- Entries taken from a collection:
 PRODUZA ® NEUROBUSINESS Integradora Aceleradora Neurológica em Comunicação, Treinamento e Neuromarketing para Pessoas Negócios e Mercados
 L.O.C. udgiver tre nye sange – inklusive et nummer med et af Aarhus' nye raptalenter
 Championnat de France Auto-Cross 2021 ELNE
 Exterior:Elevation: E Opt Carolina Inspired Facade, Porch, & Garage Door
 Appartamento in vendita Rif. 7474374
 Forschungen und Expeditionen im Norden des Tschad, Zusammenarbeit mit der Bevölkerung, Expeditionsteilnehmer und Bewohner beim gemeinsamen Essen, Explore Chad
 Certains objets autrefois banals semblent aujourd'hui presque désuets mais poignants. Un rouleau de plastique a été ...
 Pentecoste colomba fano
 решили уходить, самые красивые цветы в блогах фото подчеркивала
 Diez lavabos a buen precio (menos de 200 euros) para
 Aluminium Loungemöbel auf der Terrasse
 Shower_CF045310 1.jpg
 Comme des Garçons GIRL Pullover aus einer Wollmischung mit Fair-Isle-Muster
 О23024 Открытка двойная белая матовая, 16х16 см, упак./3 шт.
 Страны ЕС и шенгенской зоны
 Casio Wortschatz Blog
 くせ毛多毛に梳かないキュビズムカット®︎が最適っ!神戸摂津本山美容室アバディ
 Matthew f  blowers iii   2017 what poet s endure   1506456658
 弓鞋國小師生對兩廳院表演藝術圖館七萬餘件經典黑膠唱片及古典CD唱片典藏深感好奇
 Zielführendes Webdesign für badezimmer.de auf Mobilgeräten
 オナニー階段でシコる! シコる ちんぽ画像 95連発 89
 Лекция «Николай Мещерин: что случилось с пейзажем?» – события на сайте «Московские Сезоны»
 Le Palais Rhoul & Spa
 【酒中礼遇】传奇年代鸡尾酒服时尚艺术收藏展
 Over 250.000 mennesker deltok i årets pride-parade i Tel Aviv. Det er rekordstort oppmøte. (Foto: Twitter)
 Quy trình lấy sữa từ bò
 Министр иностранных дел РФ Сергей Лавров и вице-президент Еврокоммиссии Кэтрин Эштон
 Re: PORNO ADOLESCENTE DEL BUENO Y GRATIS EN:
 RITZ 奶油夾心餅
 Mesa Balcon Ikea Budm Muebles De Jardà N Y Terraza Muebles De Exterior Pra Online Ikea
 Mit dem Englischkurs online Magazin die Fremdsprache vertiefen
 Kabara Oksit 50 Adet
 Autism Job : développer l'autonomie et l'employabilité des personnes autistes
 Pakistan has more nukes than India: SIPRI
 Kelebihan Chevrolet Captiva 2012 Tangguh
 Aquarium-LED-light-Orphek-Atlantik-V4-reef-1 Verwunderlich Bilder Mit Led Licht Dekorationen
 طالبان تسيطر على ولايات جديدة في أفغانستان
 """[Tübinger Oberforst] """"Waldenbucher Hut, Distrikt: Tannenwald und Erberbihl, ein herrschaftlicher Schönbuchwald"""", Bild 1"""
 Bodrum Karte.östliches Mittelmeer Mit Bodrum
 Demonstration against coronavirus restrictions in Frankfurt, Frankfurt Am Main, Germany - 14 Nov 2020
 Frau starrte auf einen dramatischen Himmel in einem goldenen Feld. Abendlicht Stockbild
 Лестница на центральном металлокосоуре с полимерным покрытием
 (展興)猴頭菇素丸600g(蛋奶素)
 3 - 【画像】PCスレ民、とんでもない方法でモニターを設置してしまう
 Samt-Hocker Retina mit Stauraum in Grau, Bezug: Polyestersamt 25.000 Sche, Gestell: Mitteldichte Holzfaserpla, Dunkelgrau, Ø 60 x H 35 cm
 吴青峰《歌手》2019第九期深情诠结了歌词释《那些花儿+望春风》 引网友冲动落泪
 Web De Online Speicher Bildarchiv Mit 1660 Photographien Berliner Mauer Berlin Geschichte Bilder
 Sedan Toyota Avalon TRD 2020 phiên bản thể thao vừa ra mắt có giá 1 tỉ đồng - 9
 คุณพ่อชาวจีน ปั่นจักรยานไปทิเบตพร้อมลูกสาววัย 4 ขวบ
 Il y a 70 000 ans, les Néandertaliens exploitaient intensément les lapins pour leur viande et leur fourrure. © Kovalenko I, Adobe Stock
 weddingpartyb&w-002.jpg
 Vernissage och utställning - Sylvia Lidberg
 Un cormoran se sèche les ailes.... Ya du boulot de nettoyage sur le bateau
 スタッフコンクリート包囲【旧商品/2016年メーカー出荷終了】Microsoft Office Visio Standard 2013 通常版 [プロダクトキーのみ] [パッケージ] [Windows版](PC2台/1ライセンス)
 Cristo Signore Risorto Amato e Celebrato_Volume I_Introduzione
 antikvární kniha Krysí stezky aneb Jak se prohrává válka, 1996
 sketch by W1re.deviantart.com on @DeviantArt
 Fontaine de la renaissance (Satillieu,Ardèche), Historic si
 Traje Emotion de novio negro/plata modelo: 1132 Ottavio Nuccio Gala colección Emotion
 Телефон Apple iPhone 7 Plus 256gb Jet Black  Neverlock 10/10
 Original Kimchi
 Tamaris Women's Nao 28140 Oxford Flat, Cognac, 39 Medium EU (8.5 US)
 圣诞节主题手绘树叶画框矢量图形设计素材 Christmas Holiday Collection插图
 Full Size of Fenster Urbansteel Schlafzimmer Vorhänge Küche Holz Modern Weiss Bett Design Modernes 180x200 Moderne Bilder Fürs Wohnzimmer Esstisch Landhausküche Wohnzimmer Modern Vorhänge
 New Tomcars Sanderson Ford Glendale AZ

- Work to be completed:
The line containing "Full Size of" and every line after it, up to and including the last line of the records, should be reproduced exactly, with nothing else.

- Solved exercise:
 Full Size of Fenster Urbansteel Schlafzimmer Vorhänge Küche Holz Modern Weiss Bett Design Modernes 180x200 Moderne Bilder Fürs Wohnzimmer Esstisch Landhausküche Wohnzimmer Modern Vorhänge
 New Tomcars Sanderson Ford Glendale AZ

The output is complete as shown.